Terlihat seorang gadis cantik berambut pink sedang tersenyum-senyum sendiri di kamarnya. Sekali-sekali ia tertawa kecil.

"Hei, kau ini kenapa sih, Sakura?" tanya Ino penasaran melihat tingkah aneh sahabatnya.

Gadis pink itu kembali tertawa kecil, "Kau tahu, Ino? Kemarin Sasori menciumku."

"Heh?!" seru orang-orang di sana.

Orang-orang? Ya, ternyata di sini teman-teman gadis pink itu sedang bermain—orang-orang itu adalah Ino dan tiga orang laki-laki tampan; Kiba, Gaara, dan Naruto.

Lho, kok ada laki-laki?
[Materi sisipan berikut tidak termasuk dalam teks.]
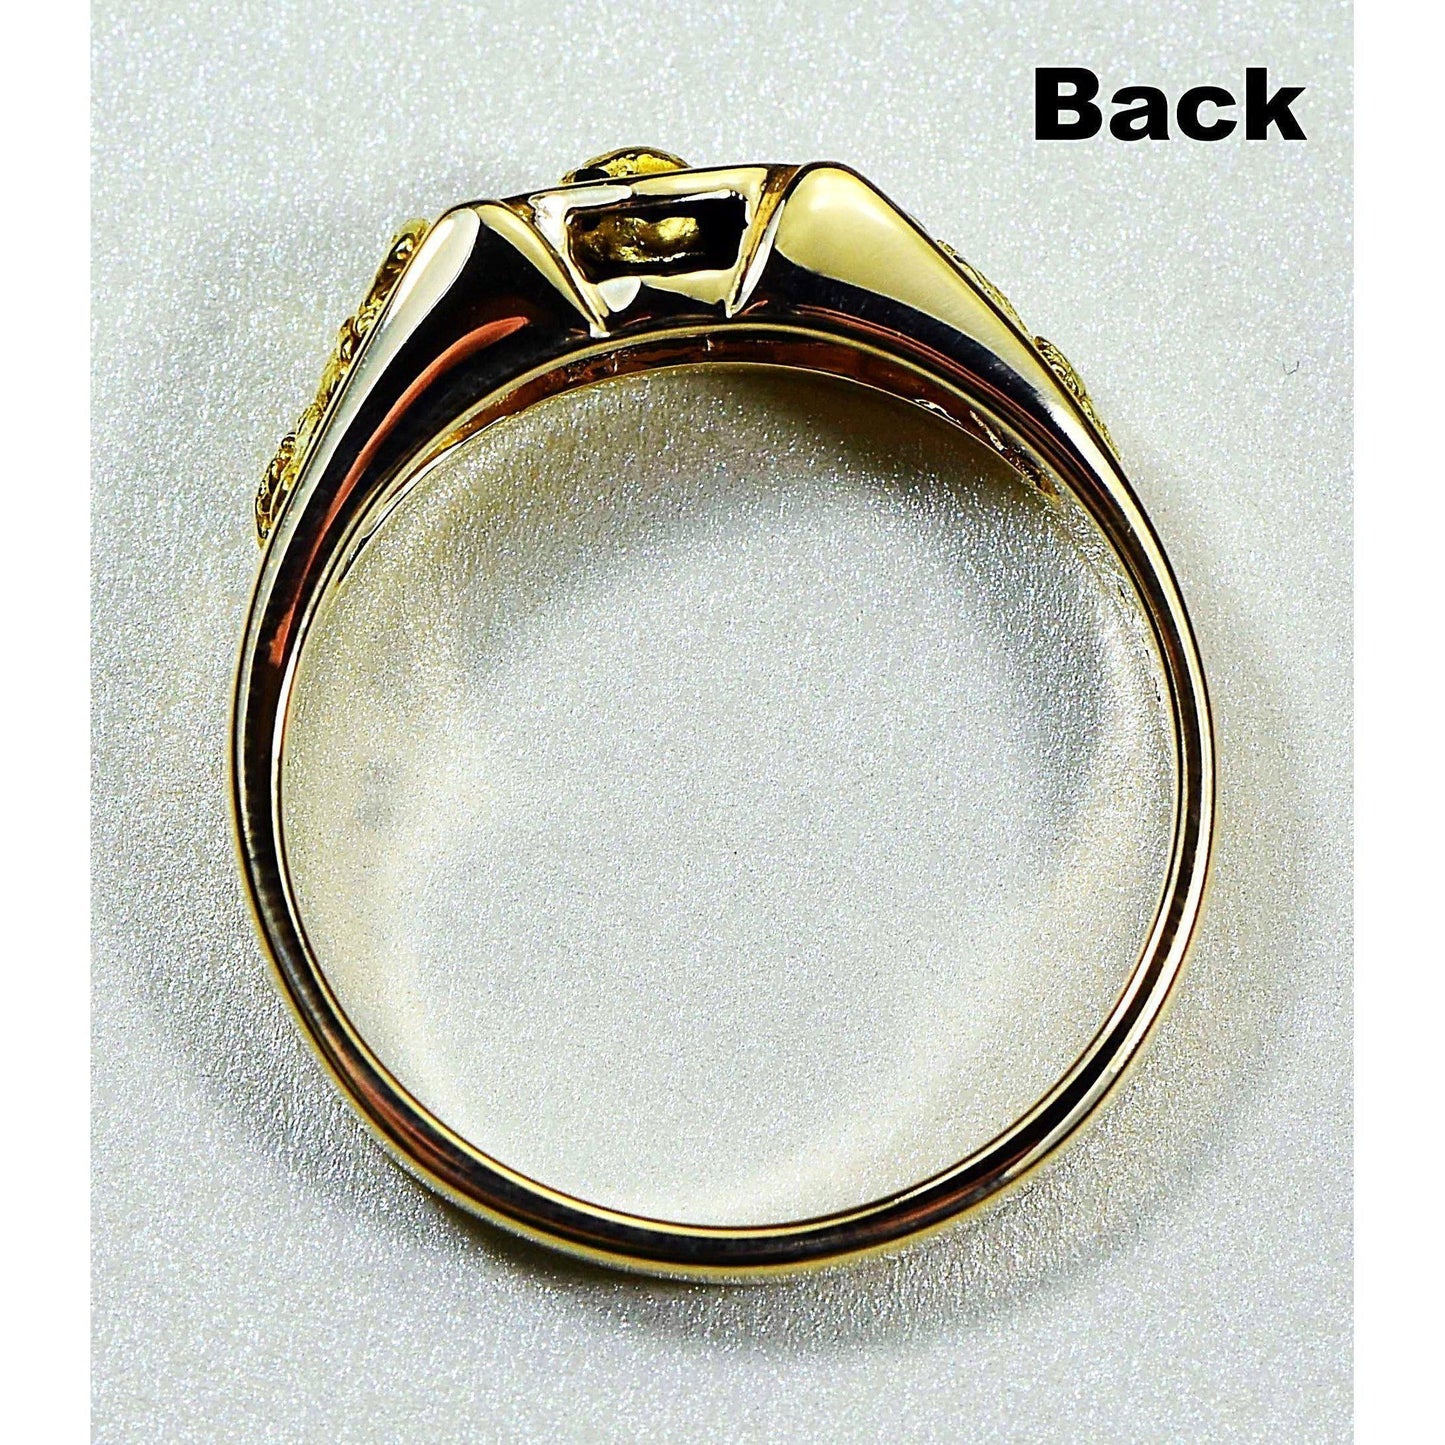 Gold Nugget Men's Ring - RM206-Destination Gold Detectors

Iya dong, udah zamannya sekarang laki-laki dan perempuan itu berbaur.

"Kau serius, Sakura?" tanya Ino lagi.

"Tentu saja." Wajah gadis itu berbinar.

"Senangnya, hihi."

"Ini pertama kalinya aku berciuman."

"Aku sudah dua kali."

"Huh! Tidak usah pamer, Ino."

"Kalau kalian bagaimana?" Ino melirik ke arah tiga orang pemuda yang ada di sana.
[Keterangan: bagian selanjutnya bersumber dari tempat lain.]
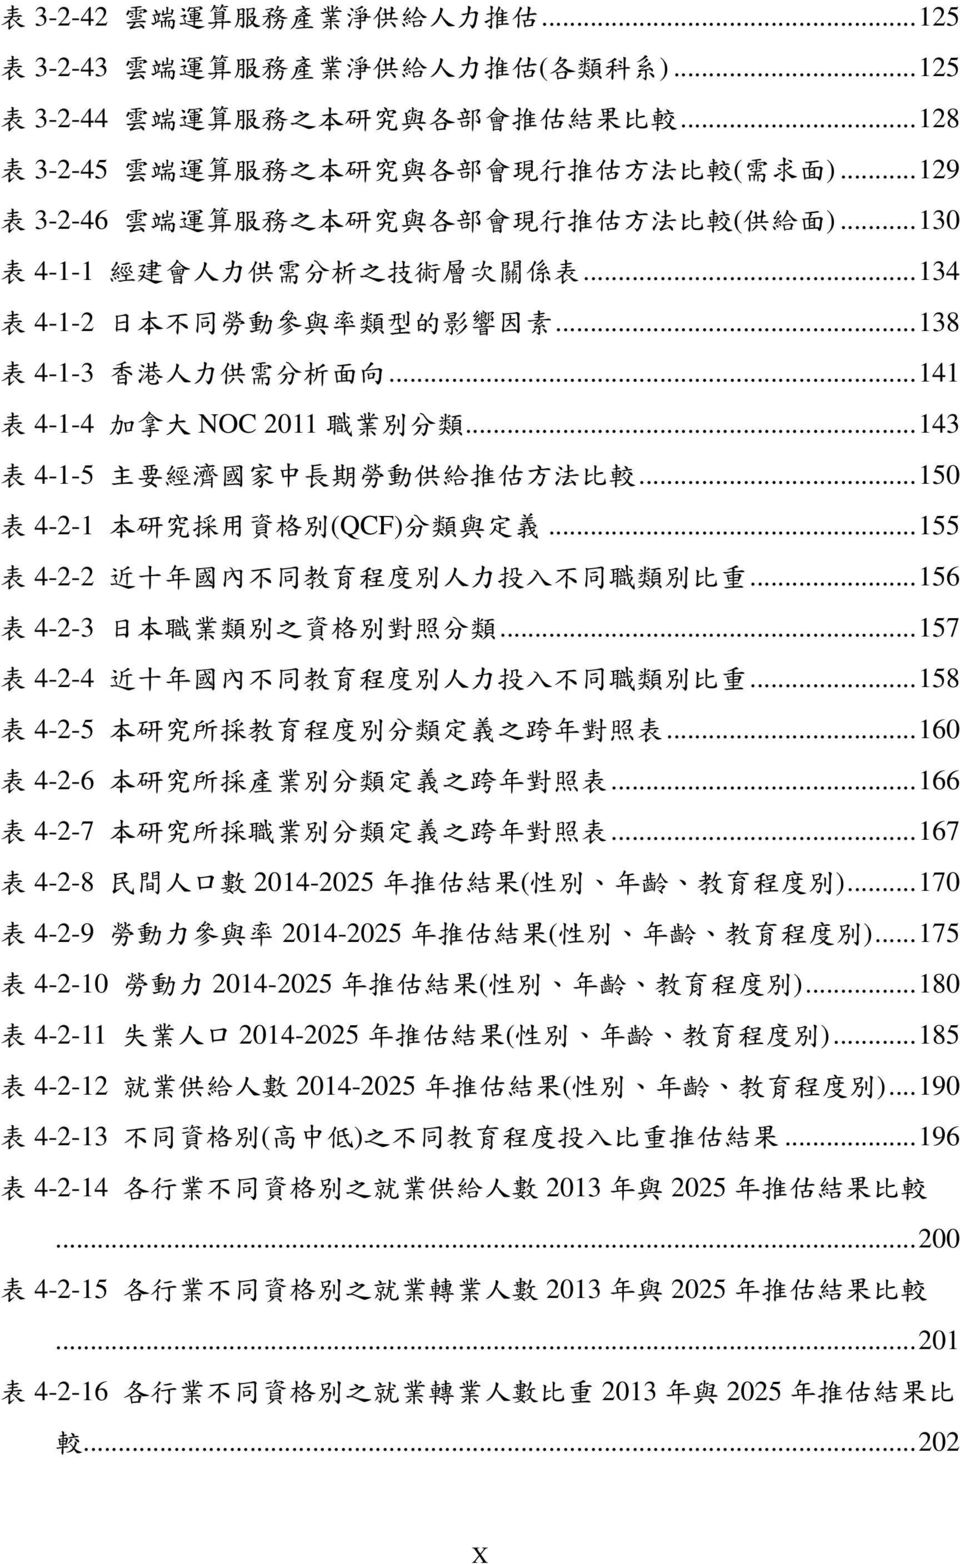 .. 134 表 4-1-2 日 本 不 同 勞 動 參 與 率 類 型 的 影 響 因 素... 138 表 4-1-3 香 港 人 力 供 需 分 析 面 向... 141 表 4-1-4 加 拿 大 NOC 2011 職 業 別 分 類... 143 表 4-1-5 主 要 經 濟 國 家 中 長 期 勞 動 供 給 推 估 方 法 比 較.

"Hhh, apa-apaan sih pembicaraan kalian ini." Kiba meresponnya malas, menurutnya topik ini sangat tidak penting—memang sih.
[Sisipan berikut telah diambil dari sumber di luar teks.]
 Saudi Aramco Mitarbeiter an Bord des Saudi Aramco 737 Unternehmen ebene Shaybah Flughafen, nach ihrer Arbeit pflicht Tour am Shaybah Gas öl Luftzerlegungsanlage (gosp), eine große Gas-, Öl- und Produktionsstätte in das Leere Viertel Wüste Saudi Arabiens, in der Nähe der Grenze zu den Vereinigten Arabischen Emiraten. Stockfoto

Sakura kembali tertawa kecil, "Kau ini apa-apaan sih, Ino? Menanyakan hal seperti itu pada laki-laki."

Buk!

"Aw, Sakura!"

Gadis pirang itu terkena lemparan bantal, "Aku kan hanya ingin tahu."

"Tentu saja mereka pasti sudah pernah berciuman. Iya 'kan?" Tanpa sadar gadis pink itu juga ikut-ikutan mengungkit.

Kiba mendengus, "Tentu saja sudah."

"Hn." Disusul oleh gumaman Gaara.

"Kalau kau, Naruto?" Pemuda bertato segitiga itu menyangga lengannya di pundak si pirang.

"Eh? A-Aku?" Pemuda pirang itu sedikit salah tingkah, bagaimanapun memang ia yang belum menjawab.

"Jujur, sebenarnya aku agak penasaran dengan hubunganmu bersama Sasuke," ujar Kiba lagi.

"I-Itu…" Naruto melirik ke arah lain, lalu melirik ke bawah, "Belum pernah."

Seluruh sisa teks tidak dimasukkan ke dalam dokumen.